CBOR bytes representation clarifies it:
82 # array(2)
D8 18 # tag(24)
58 4A # bytes(74)
83581CE7FE8E468D2249F18CD7BF9AEC0D4374B7D3E18609EDE8589F82F7F0A20058208200581C240596B9B63FC010C06FBE92CF6F820587406534795958C411E662DC014443C0688E00
1A 6768CC86 # unsigned(1734921350) -> CRC32Now we have to encode FA into Base58 format.
Cardano SL uses Bitcoin Base58-alphabet. The result is:
AL91N9VXRTCypFouG2KjJvJuvKmUC4p3XcpHnYETWRG5HJVpi2ixeN1nG5EWtbJCH71YjzhqHKcsmmPYGRjy8nHDe2i17BEf9hTqDDLmcFVbHxx1GW9This is an address in its final form.
Use Case 2: Transaction Fee
Transaction fees in Cardano SL are described here.

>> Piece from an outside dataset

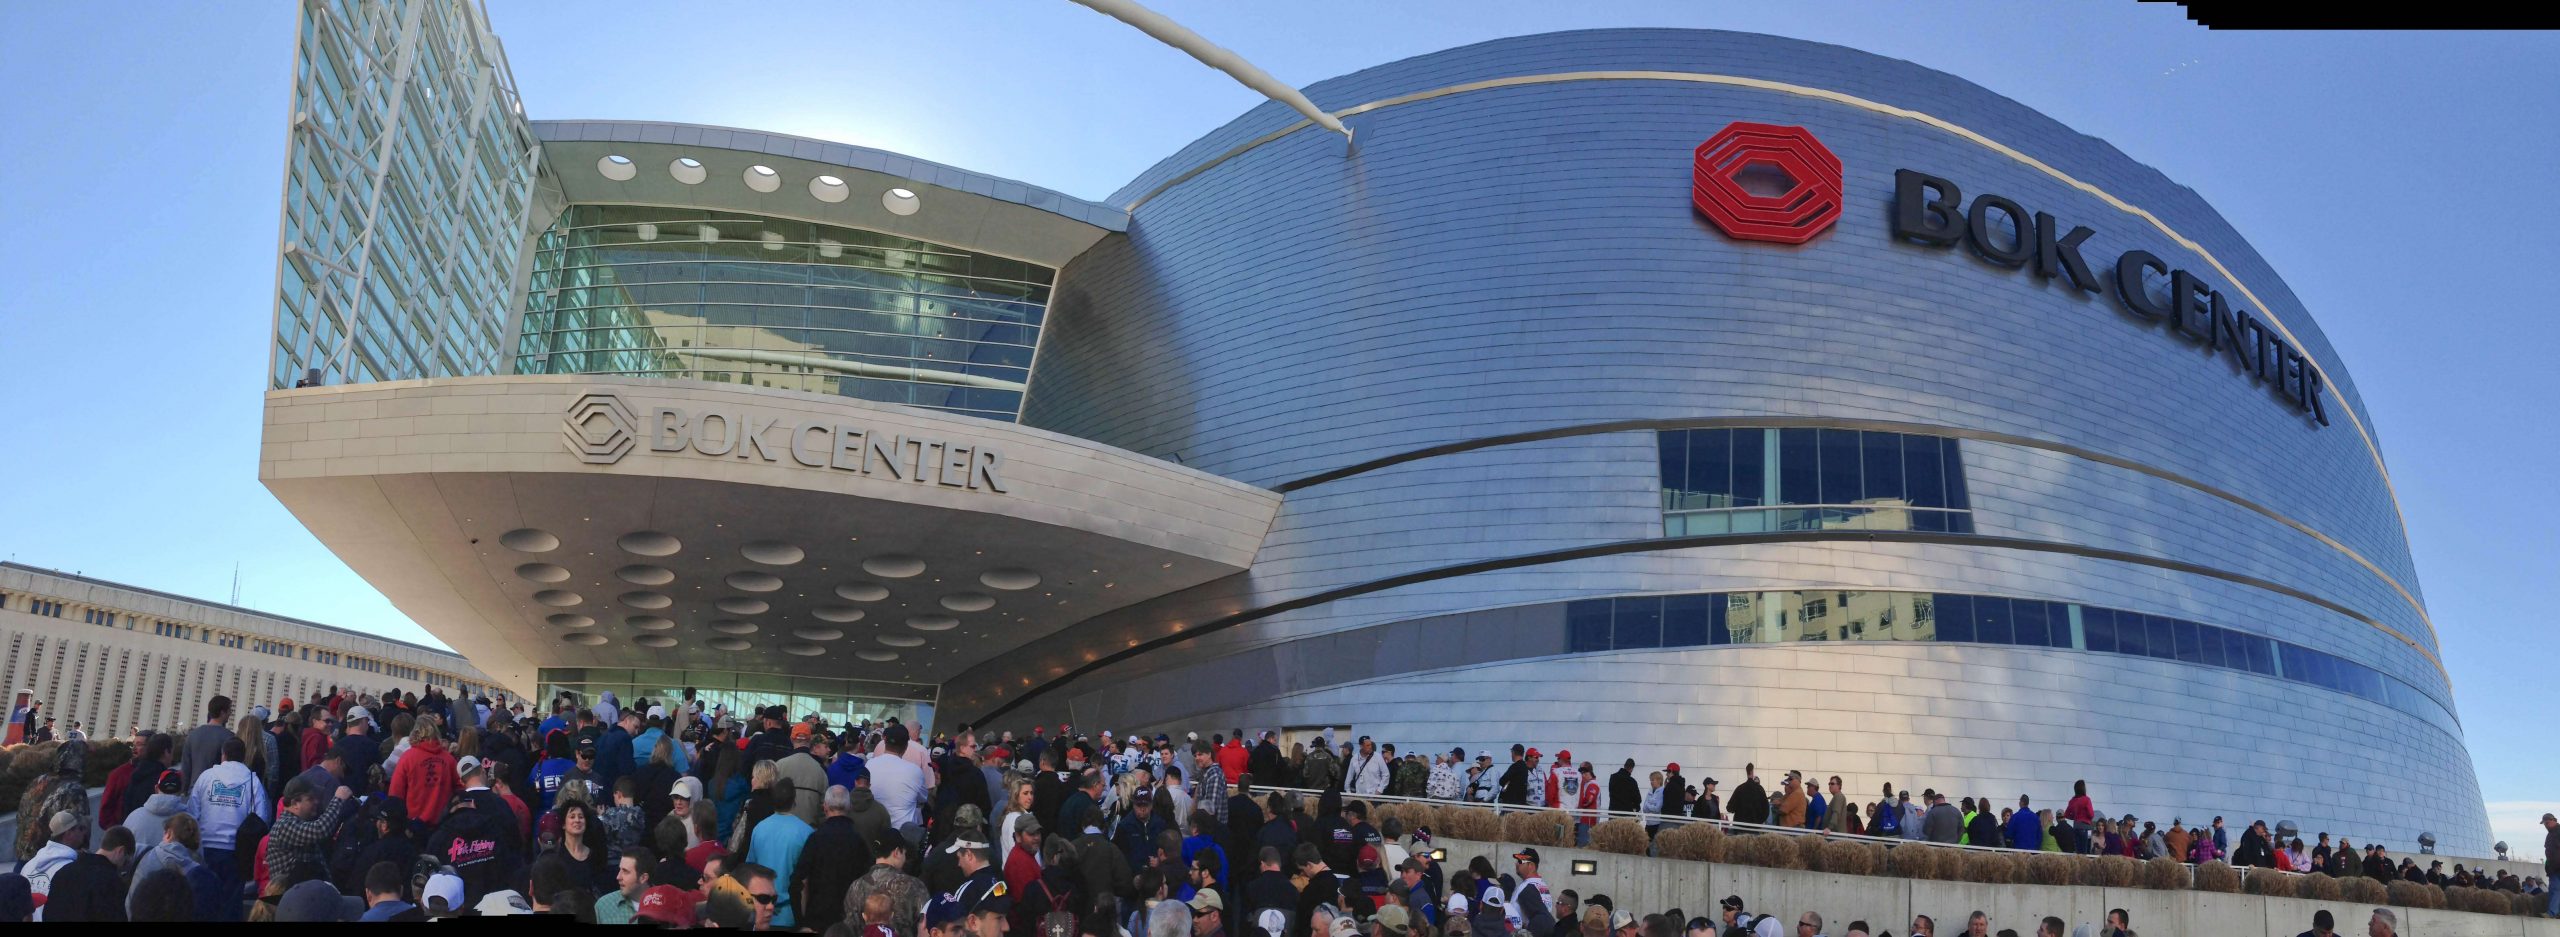 The BOK Center is a wonderful venue for the Classic.

Let’s consider the transaction from the use case 1:
Tx bd1b9526 with
inputs [
TxInUtxo e981442c #17306
],
outputs: [
TxOut 15597252095955044 coin(s) -> AL91N9VXRTCypFouG2KjJvJuvKmUC4p3XcpHnYETWRG5HJVpi2ixeN1nG5EWtbJCH71YjzhqHKcsmmPYGRjy8nHDe2i17BEf9hTqDDLmcFVbHxx1GW9
]Transaction fee is a difference between Vi and Vo, where Vi is a value of all
inputs and Vo is a value of all outputs. There is a single output, so we already have
Vo: 15597252095955044 Lovelaces. But we don’t have Vi, because this value is defined
in previous transaction’s output (in this example it is an output #17306 of the
transaction e981442c). So it is impossible to extract the fee from transaction bd1b9526
without knowledge about (previous) transaction e981442c.